Single Again… The One

By Kenneth Stepp

Is this our quest? The One…. What does that mean to you? To me it’s a mixed bag of personality traits, emotions, and big brain covered in flesh. Yea, it sounds weird, but That’s what it means to me. Having said that, I have found that mixed bag of personality traits change constantly. I wasn’t expecting that. I thought I knew exactly who I was looking for. I use to have these five things. And when I found the girl who had them all, my search would be over.

But like most things I plan, I was incorrect. It turns out we humans have layers, some have more than others. A person can be all these five things and not be someone I could do life with. Attitude has a lot to do with it. I love sarcasm. But some have it in overwhelming amounts and it becomes mean-spirited. As someone who always wants to leave someone better than I found them, I can’t see me with someone who does the opposite, so the journey continues.

“Whatever he had found, it made him a better person. Maybe that’s what love was, finding the person who brings out the best in you and eliminates

the worst.”

― Diana Holquist

I have been told that I bring out the best in others. In counseling one of my past loves (ex Wife) said, he made sure I felt special every day, that I mattered, and that I was the center of his universe. Her words made me wonder how we got there. But people make choices, she did and I’m alone, it happens. And if being alone scares you, this journey will be even harder for you. The weak become very strong after years of swimming in these waters for sure.

So why do the ingredients for Ms Right keep changing? Experiences. A little secret about me that I hadn’t realized. I seldom break up with anyone. When I see potential I hunker down, lower all my defenses and go forward. Although that sounds like a great way to “go for it”. It has left me confused and somewhat damaged, more often than not. Perhaps it’s time to be more reserved. Or maybe this is just the way things are always going to be. Gosh, I hope not.

“We cannot decide to love. We cannot compel anyone to love us. There’s no secret recipe, only love itself. And we are at its mercy–there’s nothing we can do.”

― Nina George

Yep. I suppose if it were possible to make someone love me back, I’d be married again by now. But the rules say something other than this. I can say that I have certainly tried my best once in the years since becoming single again.

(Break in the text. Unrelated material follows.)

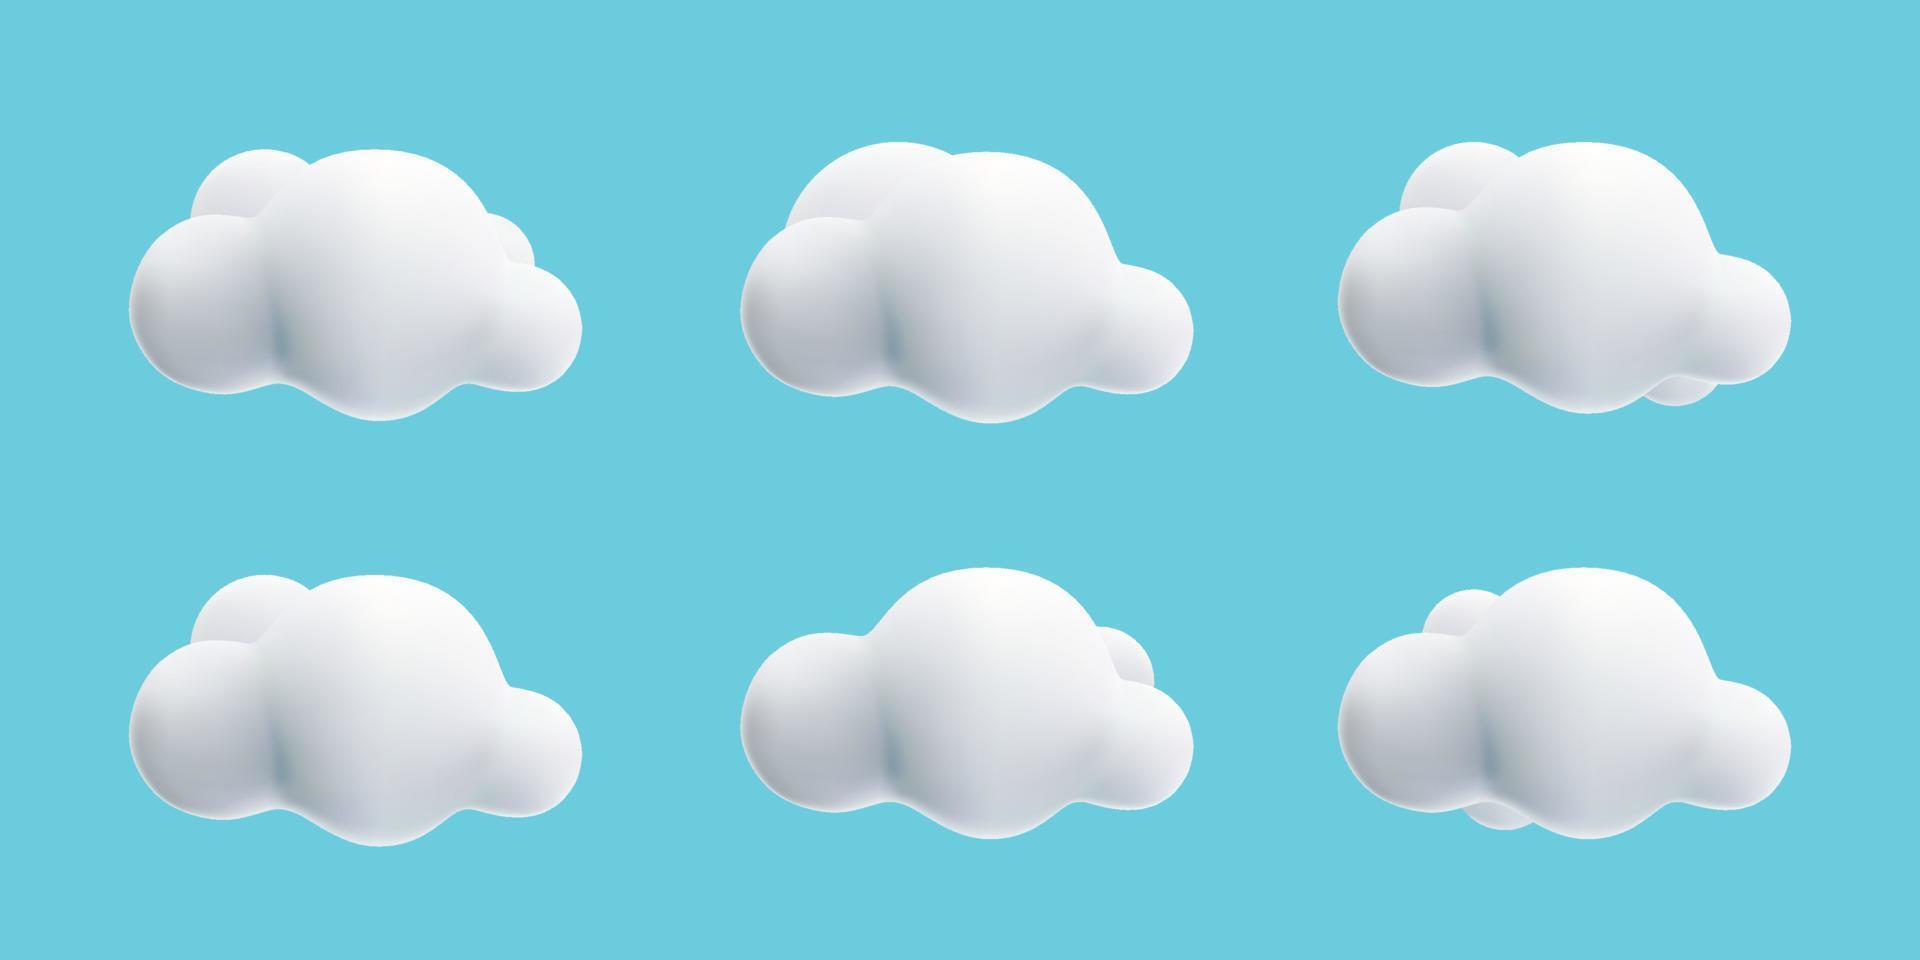 3D weiße, flauschige Wolken-Cartoon-Stilsammlung auf blauem Himmel vektor

Falling short can be painful. What I have found though is confusion is huge. I am always left wondering what happened. One day I have hope that my best will be enough. Just with someone with the “nice” trait. Someone who will focus on the good in me like I will her. Someone who will not dwell on the bad in me. We all have plenty. But I have learned to see the good and someway like magic, the bad fades out of the relationship. Oh well. Trying and failing is a big part of the journey.

“Finding love is like making creme brulee. It may take a few tries before you get it right.”